Usually, it is not particularly helpful to note the statutory maximum sentence available in a particular case — in this case, 20 years — since the sentencing guidelines that are supposed to guide the federal courts rely on a complex set of case-specific factors and considerations, and it is rare for them to generate a recommendation in a fraud case that is actually close to the statutory max. This case may prove different given the extraordinary amount of money investors (victims) put in — about $945 million — which is usually the main driver of sentences in fraud cases. Still, the judge’s ultimate decision may prove complicated with considerations that Holmes is a first-time offender, her conduct was not unique among her peers, and the jury rejected (or otherwise could not resolve) significant parts of the government’s case.

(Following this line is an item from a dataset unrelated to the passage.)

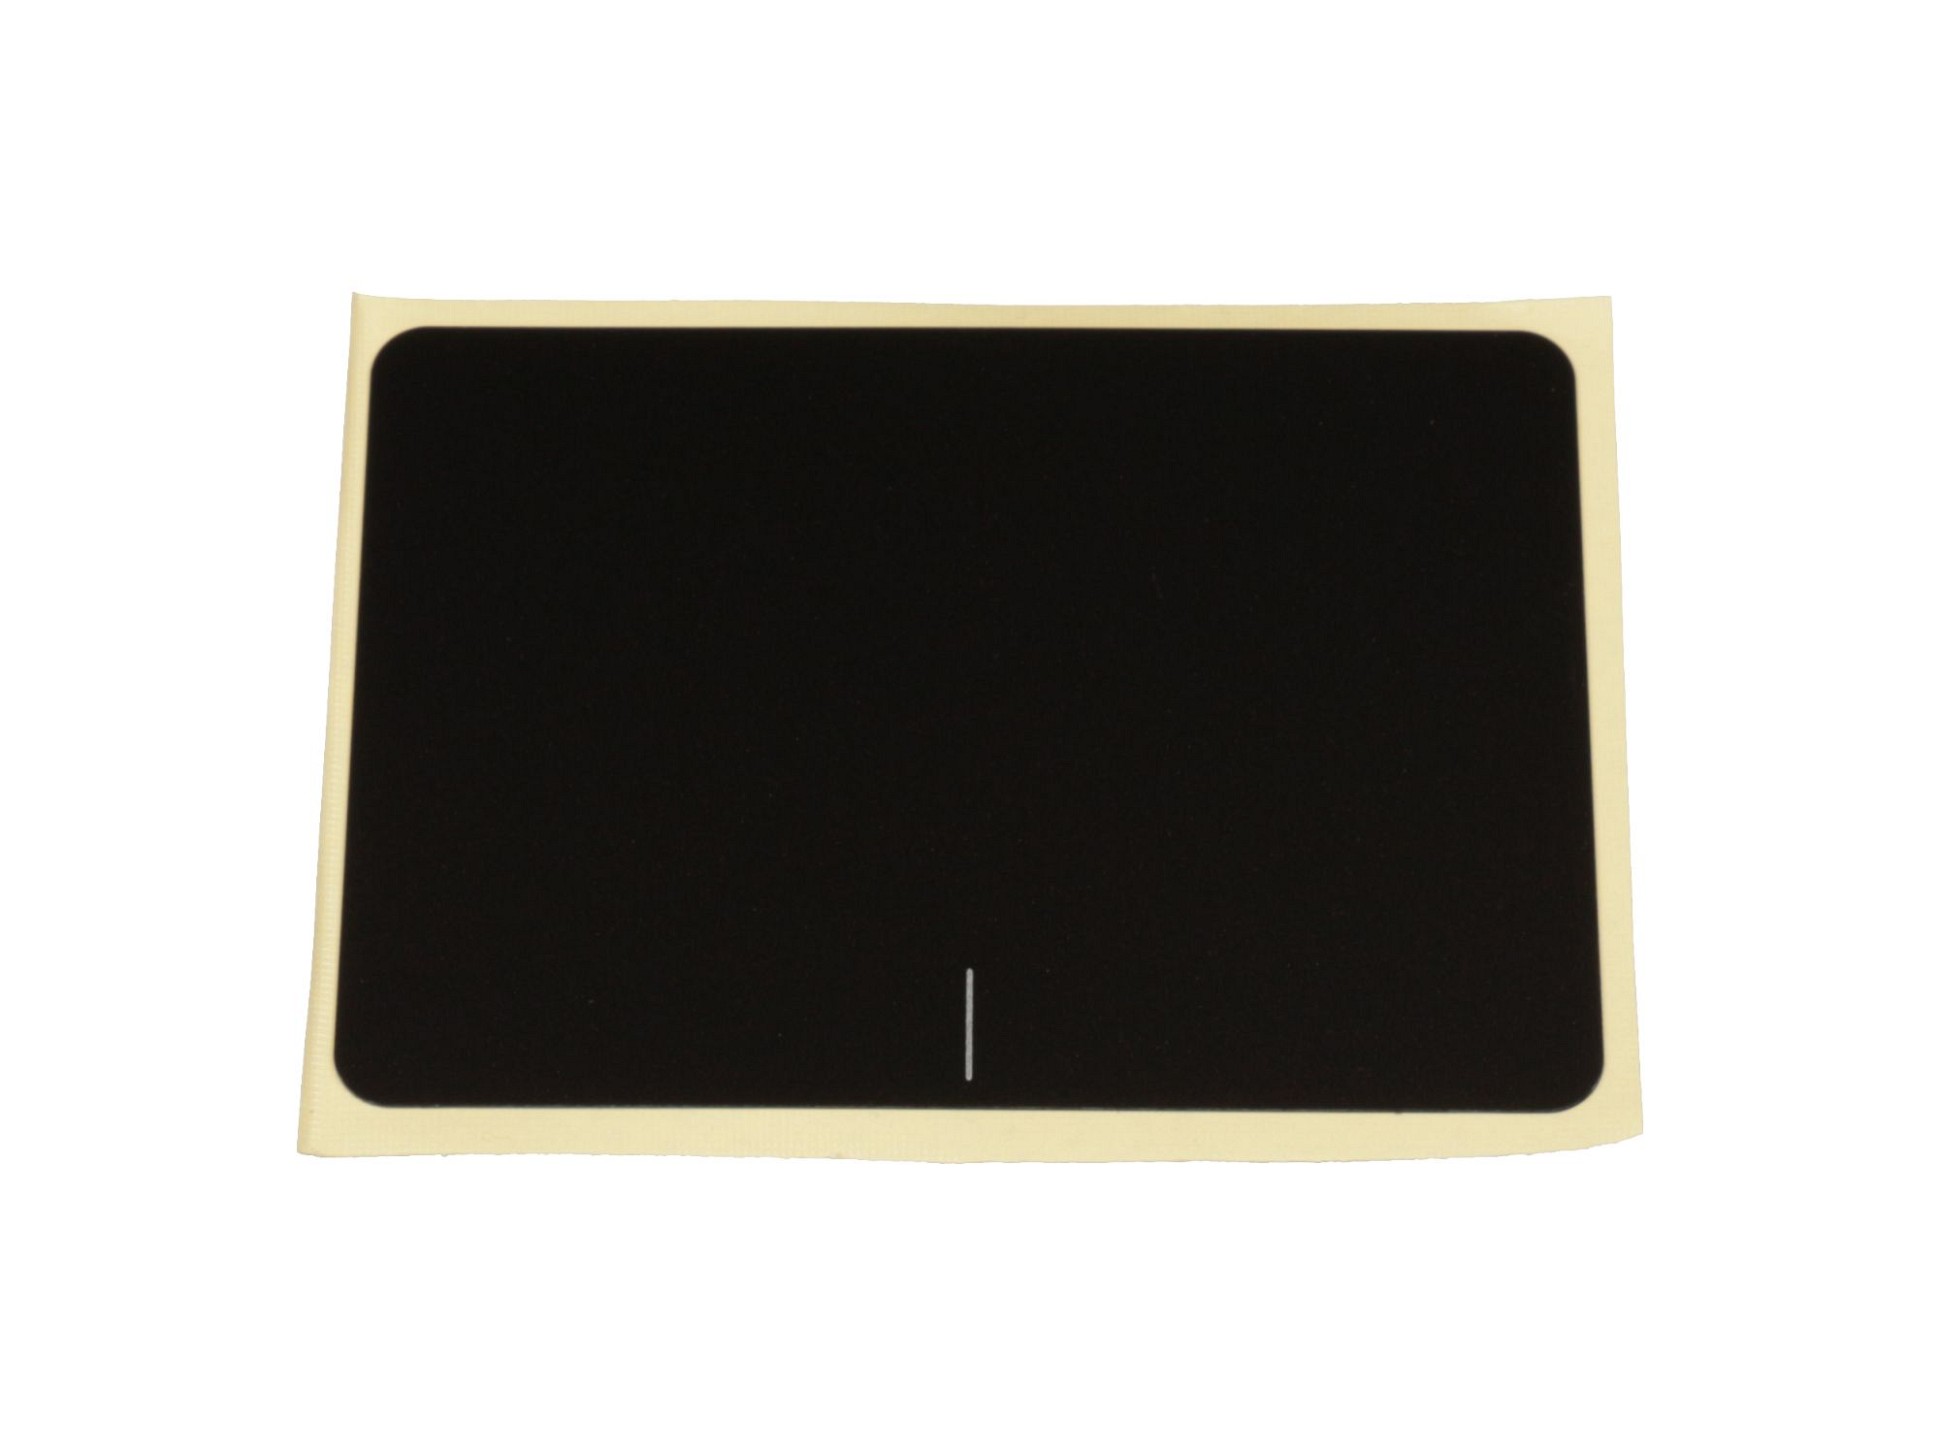 Touchpad-Cover für Asus F756UB
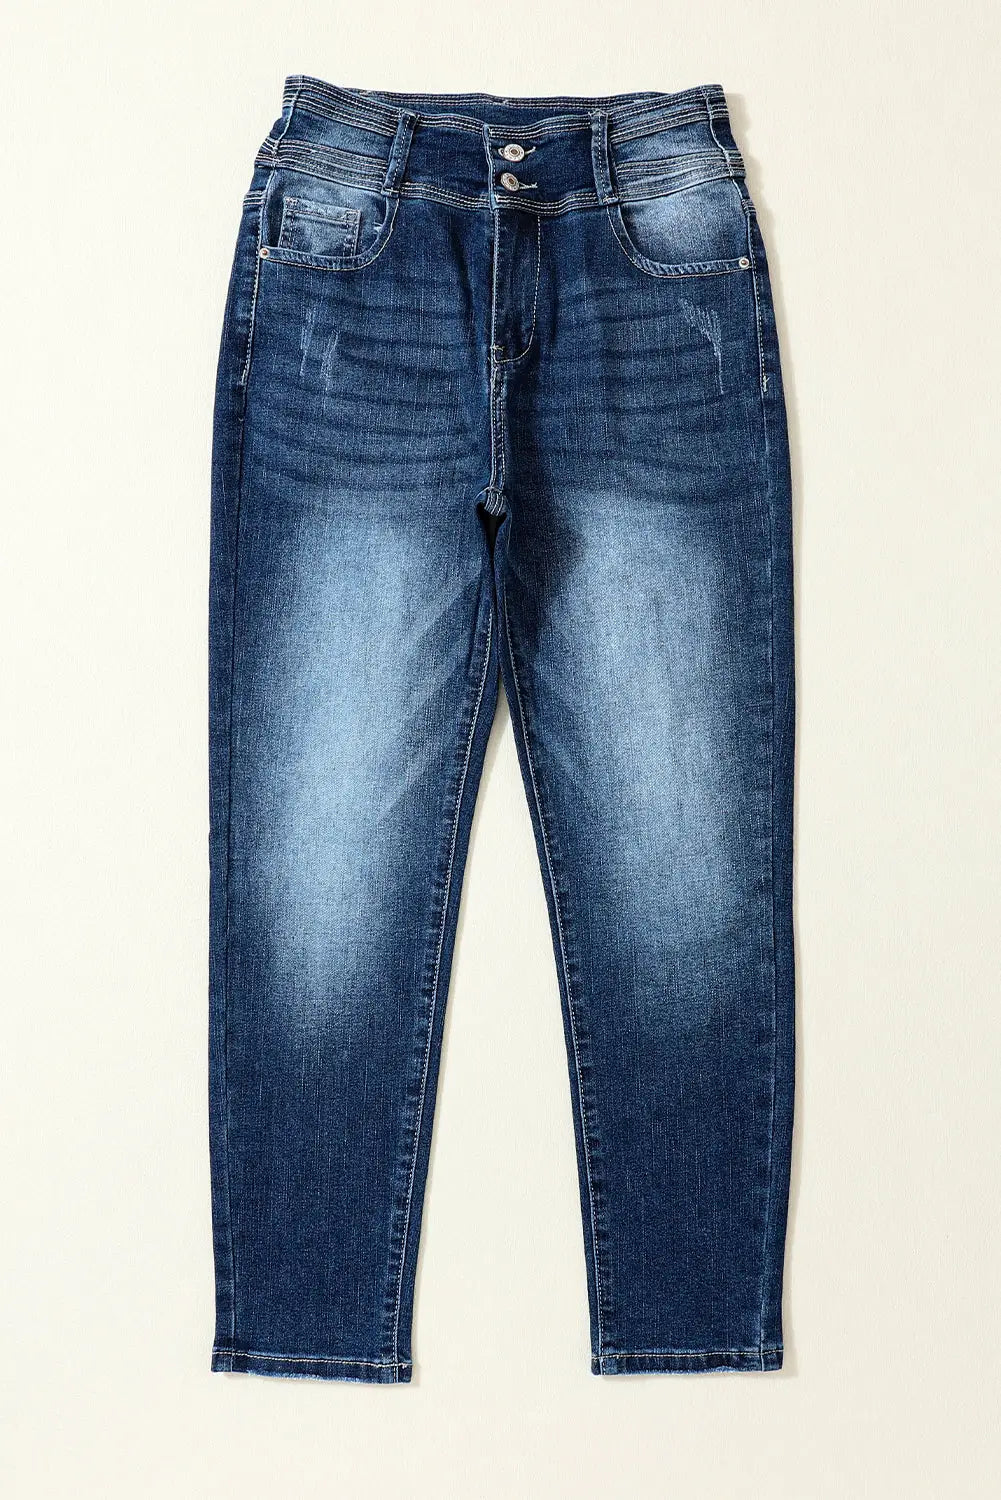 Blue vintage washed two-button high waist skinny jeans - bottoms

Following the proceeding from afar, the whole affair has been a largely guiltless indulgence, particularly striking at a time when we are very short on those in the law and elsewhere in the country. It helped that no one actually died or suffered a serious physical injury as a result of Holmes’s conduct and that the ultrarich investors who did the bare minimum to protect themselves — and in some cases, even less than that — are not a terribly sympathetic lot. Ultimately, the verdict confirmed perhaps the surest thing about Holmes herself: In the end, she never fails to surprise.